*** SOURCE DATA Section Begins ***
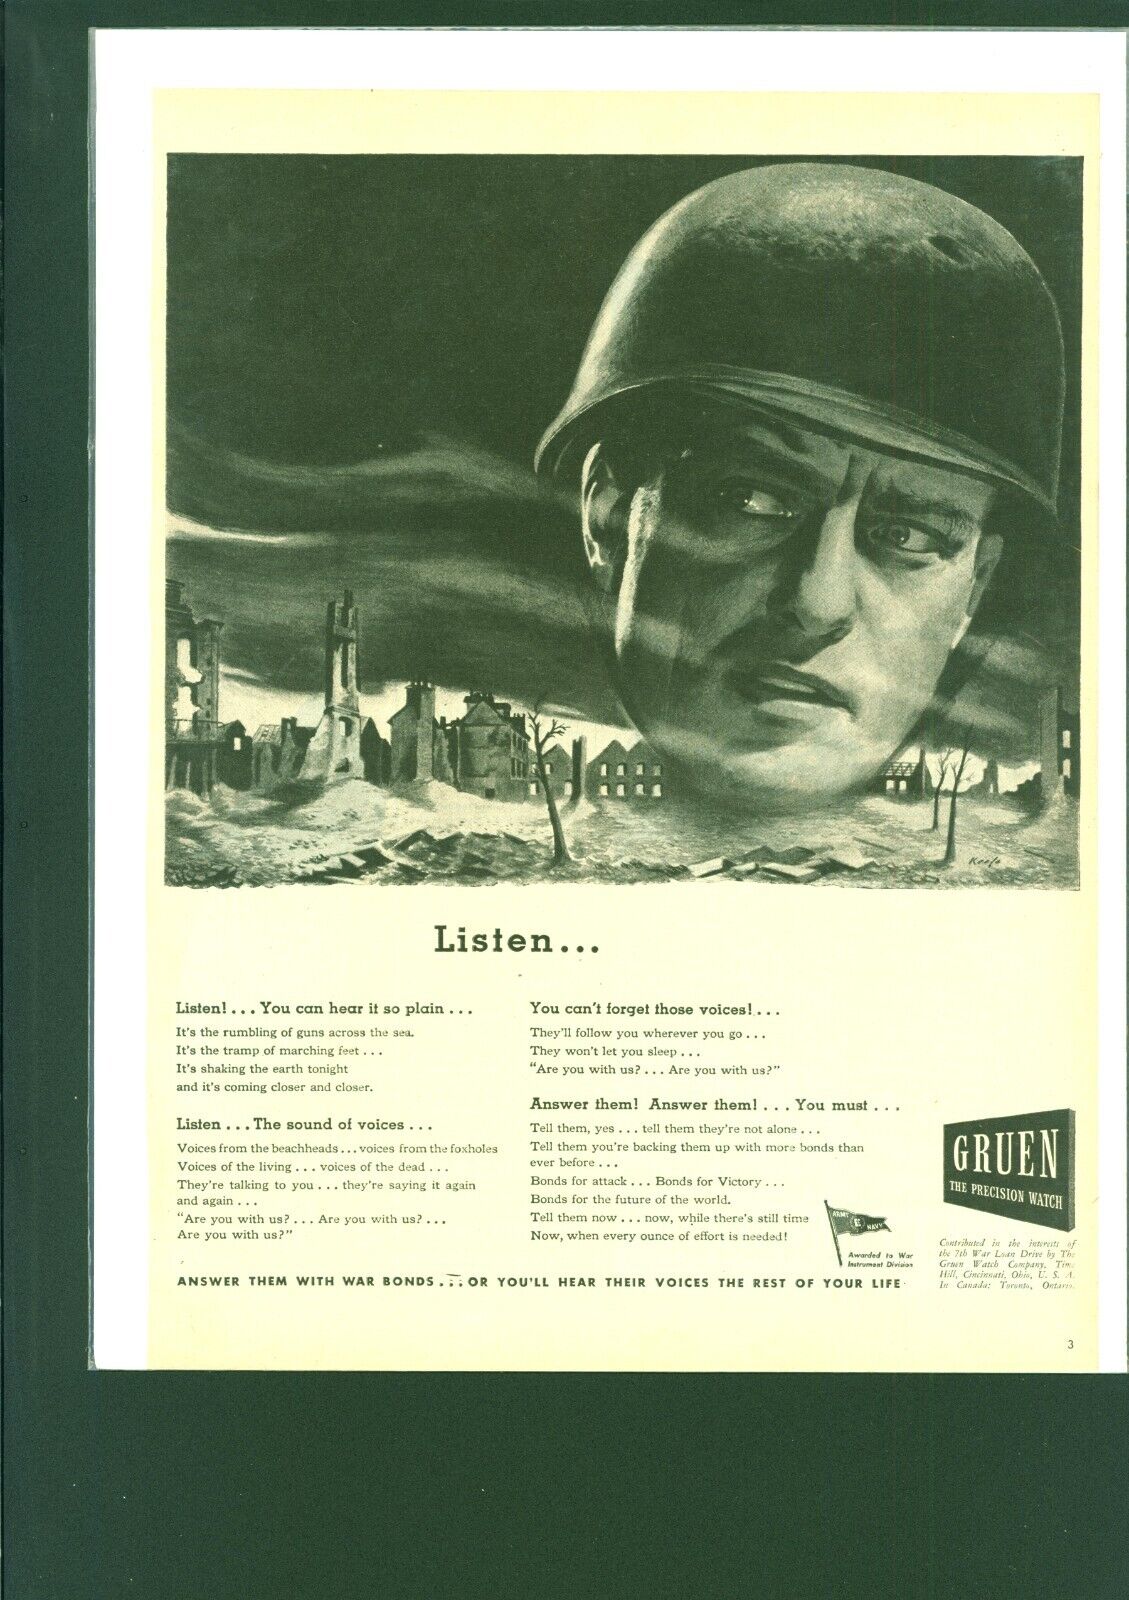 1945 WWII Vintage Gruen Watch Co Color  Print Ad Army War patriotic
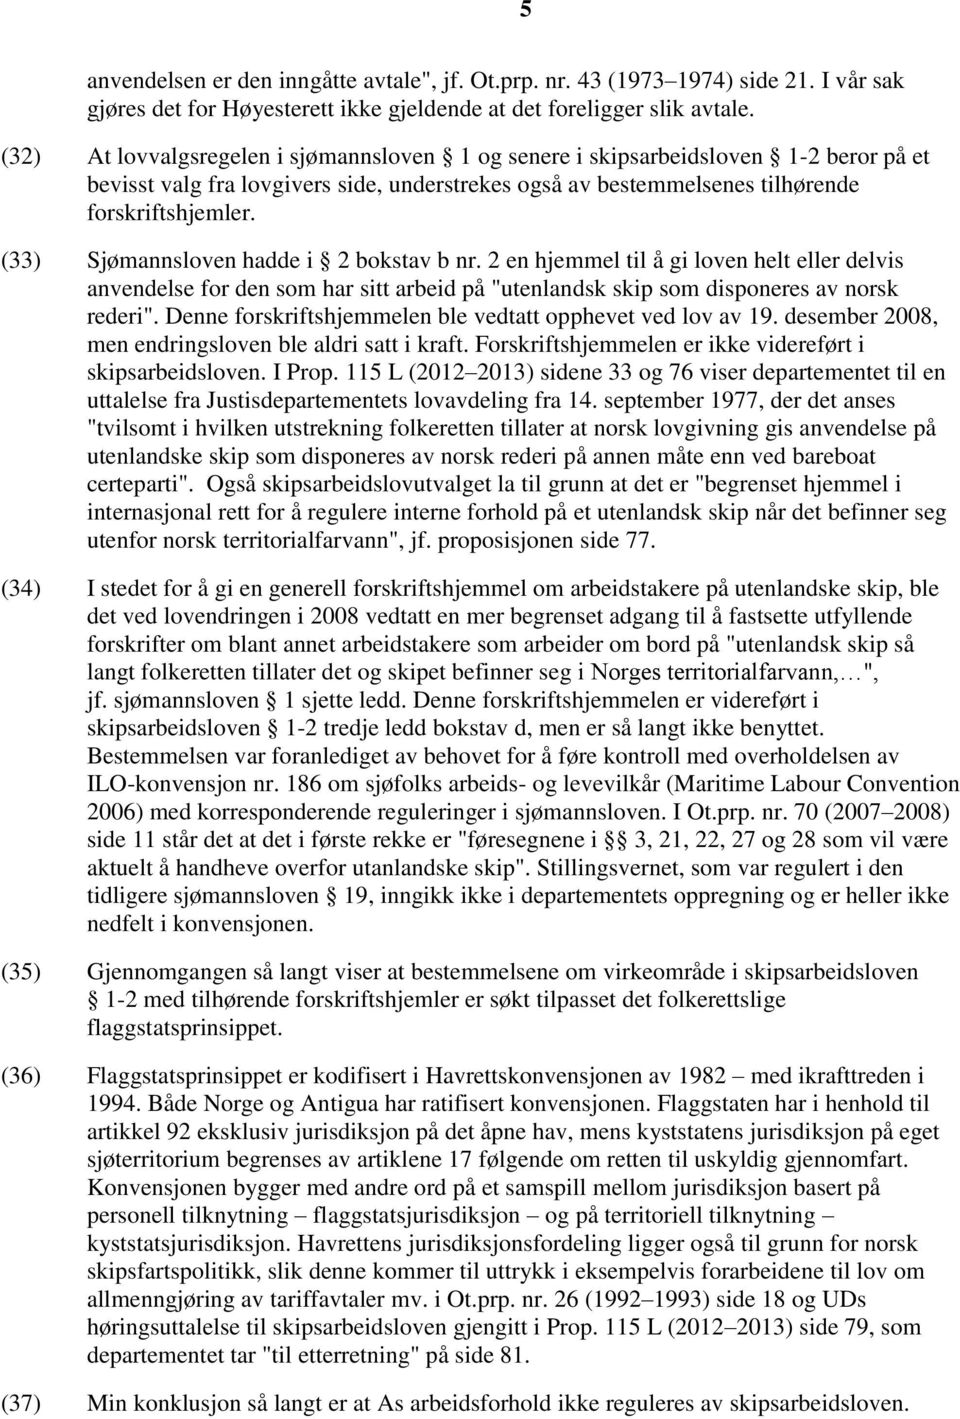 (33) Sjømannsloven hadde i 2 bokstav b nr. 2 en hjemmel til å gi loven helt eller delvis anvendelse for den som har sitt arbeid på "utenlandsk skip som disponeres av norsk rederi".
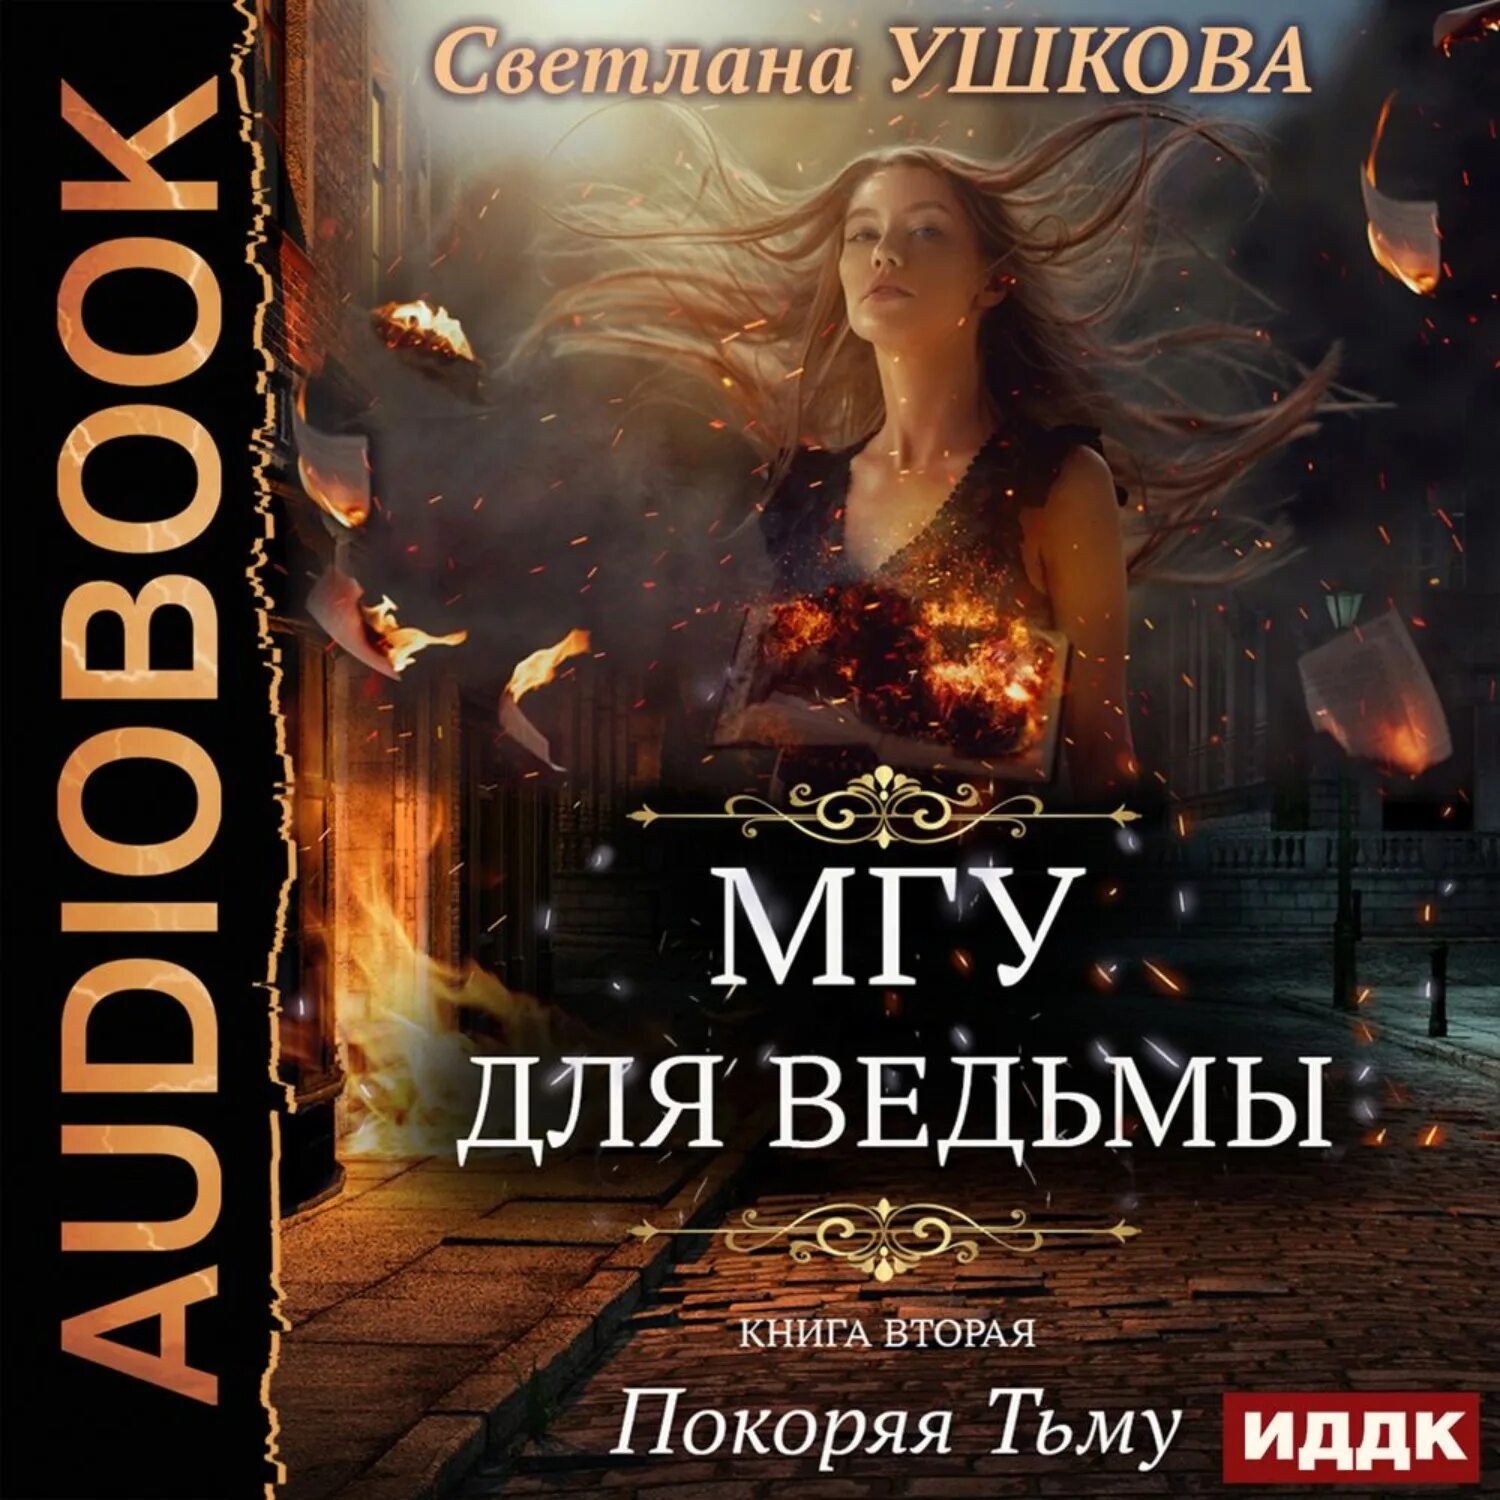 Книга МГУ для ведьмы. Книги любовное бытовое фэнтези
*** SOURCE DATA Section Ends ***
Since pictures are not part of the copy, set down only the remaining data exactly.

TASK RESPONSE:
 1945 WWII Vintage Gruen Watch Co Color  Print Ad Army War patriotic
 (33) Sjømannsloven hadde i 2 bokstav b nr. 2 en hjemmel til å gi loven helt eller delvis anvendelse for den som har sitt arbeid på "utenlandsk skip som disponeres av norsk rederi".
 Книга МГУ для ведьмы. Книги любовное бытовое фэнтези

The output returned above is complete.